SQL> alter session set "_fix_control"='5483301:off';
SQL> alter session set "_optimizer_enable_density_improvements"=false;
SQL> set autot trace
SQL> select * from test_selectivity where promo_id=500;
no rows selected
Execution Plan
----------------------------------------------------------
Plan hash value: 4083831454
--------------------------------------------------------------------------------------
| Id | Operation | Name | Rows | Bytes | Cost (%CPU)| Time |
--------------------------------------------------------------------------------------
| 0 | SELECT STATEMENT | | 1 | 25 | 958 (2)| 00:00:01 |
|* 1 | TABLE ACCESS FULL| TEST_SELECTIVITY | 1 | 25 | 958 (2)| 00:00:01 |
--------------------------------------------------------------------------------------
Predicate Information (identified by operation id):
---------------------------------------------------
1 - filter("PROMO_ID"=500)
SQL> select * from test_selectivity where amount_sold=55;
3372 rows selected.
Execution Plan
----------------------------------------------------------
Plan hash value: 4083831454
--------------------------------------------------------------------------------------
| Id | Operation | Name | Rows | Bytes | Cost (%CPU)| Time |
--------------------------------------------------------------------------------------
| 0 | SELECT STATEMENT | | 1457 | 36425 | 960 (2)| 00:00:01 |
|* 1 | TABLE ACCESS FULL| TEST_SELECTIVITY | 1457 | 36425 | 960 (2)| 00:00:01 |
--------------------------------------------------------------------------------------
Predicate Information (identified by operation id):
---------------------------------------------------
1 - filter("AMOUNT_SOLD"=55)
With these 2 settings, the Optimizer falls back to its Original Calculation of DENSITY x NUM_ROWS for Cardinality calculation.
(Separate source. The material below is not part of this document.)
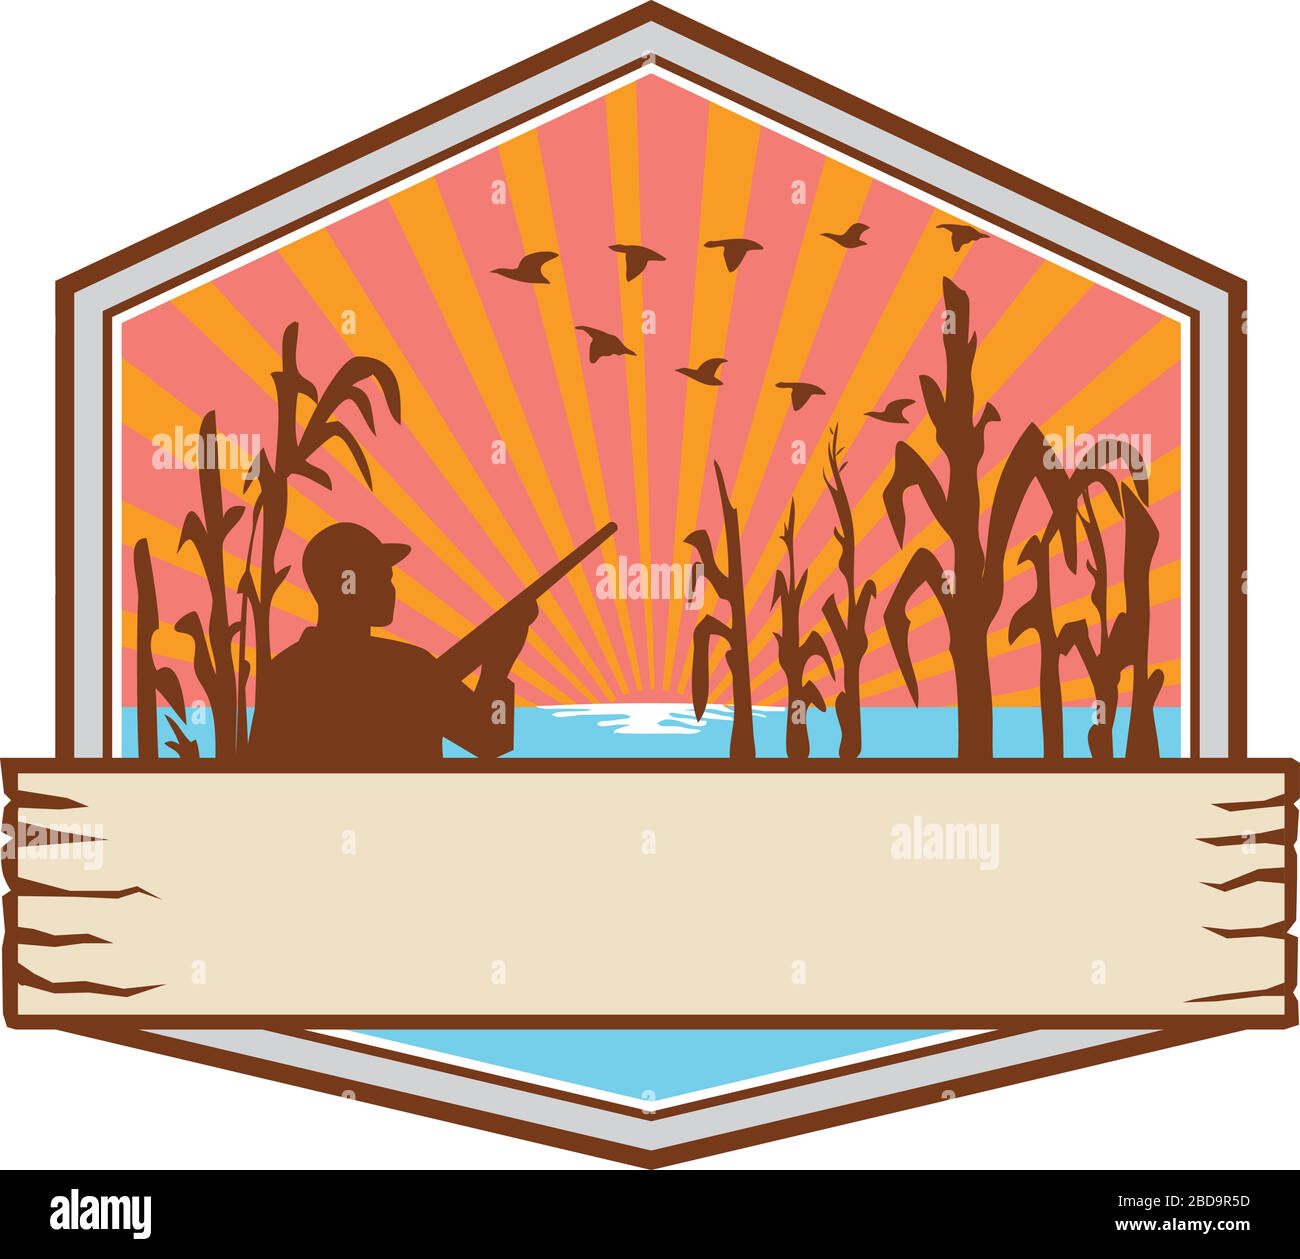 Retro style illustration of a duck or bird hunter with rifle in flooded cornfield with corn stalks set inside crest, shield or badge with sunburst on Stock Vector

It had been a long posting, however, I felt this to be necessary because many people still don’t know about this NewDensity. I was myself surprised when I was working on a real life issue and came across this mis-estimation. A 10053 trace revealed NewDensity, which was new for me as well. For the real life example, see below.
select count(*) from nca.s_p_attributes a1
WHERE a1.value='olwassenen';
COUNT(*)
------------
591168
SQL> select plan_table_output from table(dbms_xplan.display_cursor);
PLAN_TABLE_OUTPUT
----------------------------------------------------------
SQL_ID 79dfpvydpk710, child number 0
-------------------------------------
select count(*) from nca.s_p_attributes a1 WHERE
a1.value='olwassenen’
----------------------------------------------------------
| Id | Operation | Name | Rows |
----------------------------------------------------------
| 0 | SELECT STATEMENT | | |
| 1 | SORT AGGREGATE | | 1|
|* 2 | INDEX SKIP SCAN | SP_P_IND3 | 8|
----------------------------------------------------------
The estimated and actual is way out. 8 Rows v/s 591168 Rows. At this point, I requested a 10053 trace, which pointed me to NewDensity value. The issue was resolved by way of disabling the fix_control and setting _optimizer_enable_density_improvements to FALSE.